Having said this it’s almost impossible that all old jobs will disappear. Many of the developments that are nervously anticipated are still years away and many of the things that humans do will remain out of reach for robots and autonomous systems. Humans are far better than machines at abstraction, generalisation and creative thinking. We have vastly better common sense than machines, we’re agile, nimble and energy efficient too. And don’t forget that it’s humans that have rights and vote – and we can revolt too. Humans are also a deeply social species and physical connection is likely to remain important. Many of of our economic needs are also explicitly interpersonal or social.

The bad news is how robots and automated systems interact with human beings depends a great deal upon how much their designers know or care about human beings.
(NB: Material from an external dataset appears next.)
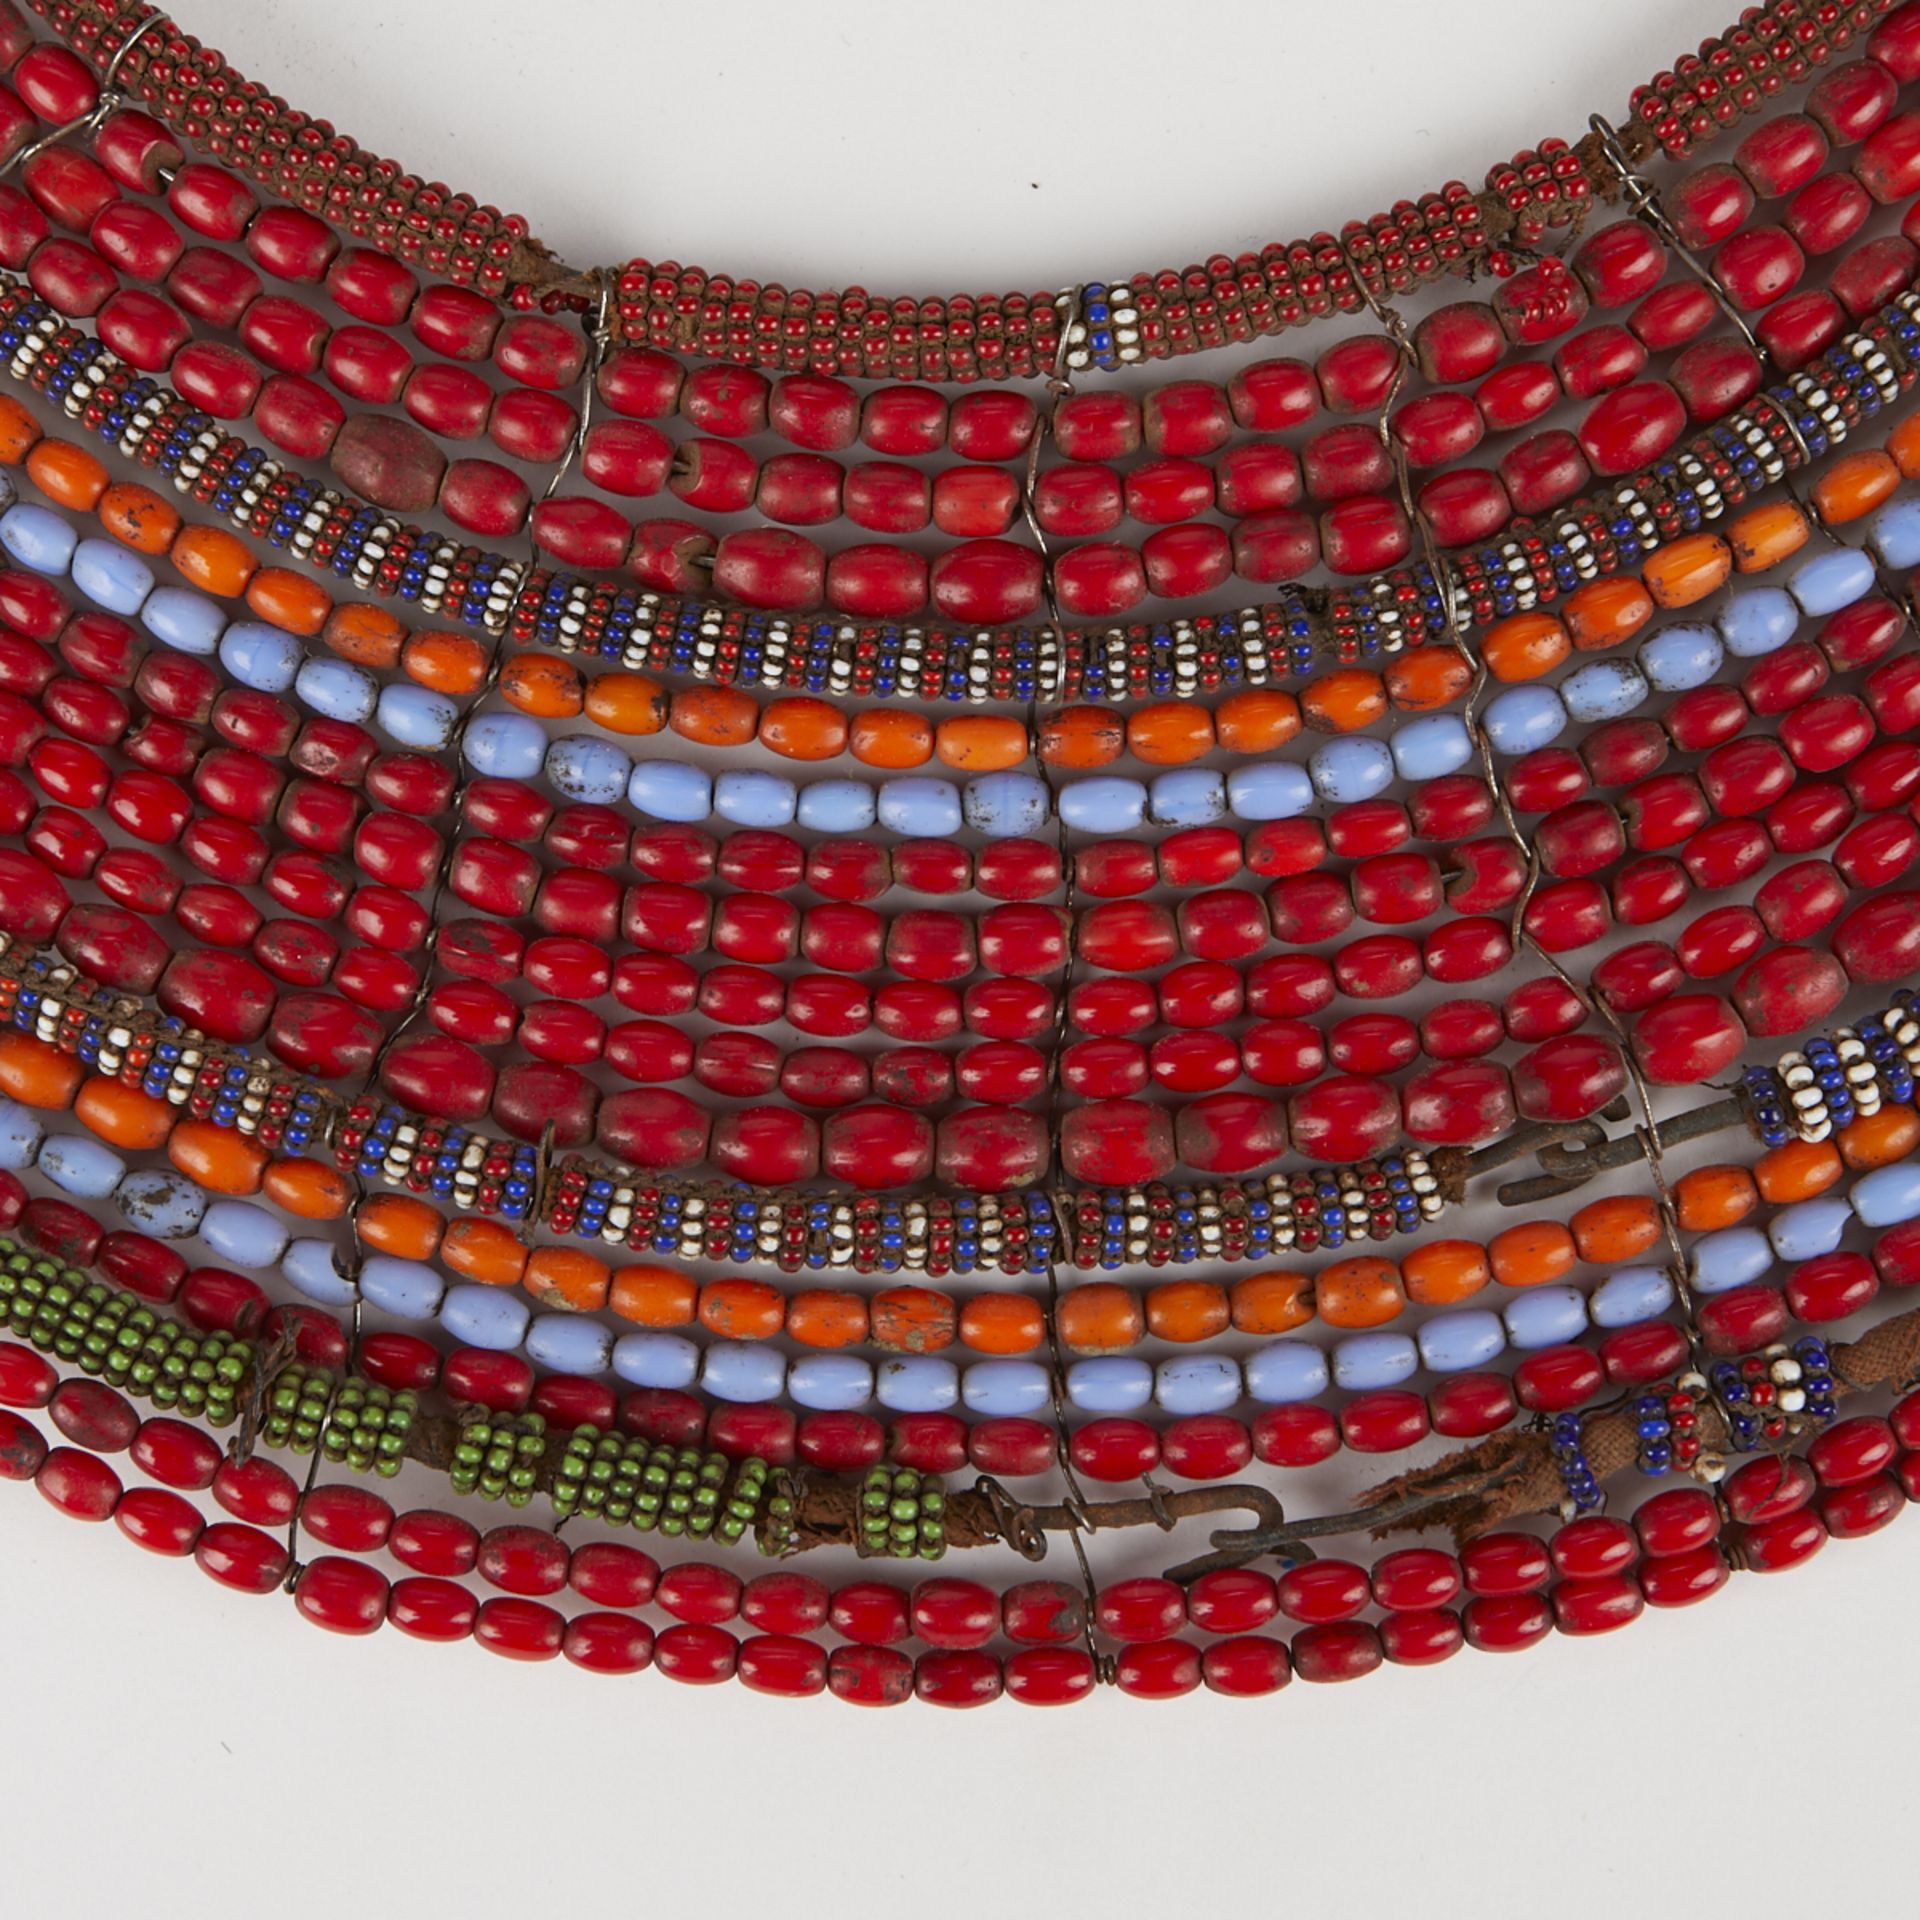 3 Collar Necklaces - 2 African and 1 New Guinea - Image 9 of 10

In the same way that there’s a fine line between genetics and eugenics, there’s a thin line between technologies that enhance humanity and those that diminish it. Moreover, developments in robotics, information technology, neuro-technology and genetics all have the potential to vastly widen the gaps that already exist in health, intelligence, opportunity and achievement.

The amount of data that spills from these technologies also seriously threatens privacy and freedom of choice. There’s a very real possibility too that one day these technologies will advance to such a point that the owners of the technologies will be able to predict and control almost everything an individual does, thereby reducing humans to mere automatons.

This is unlikely, although an even worse scenario might involve the widespread adoption of mediocre artificial intelligence and predictive systems, which, little by little, become a train wreck of momentous proportions due to a decline in human agency or a crisis in human identity.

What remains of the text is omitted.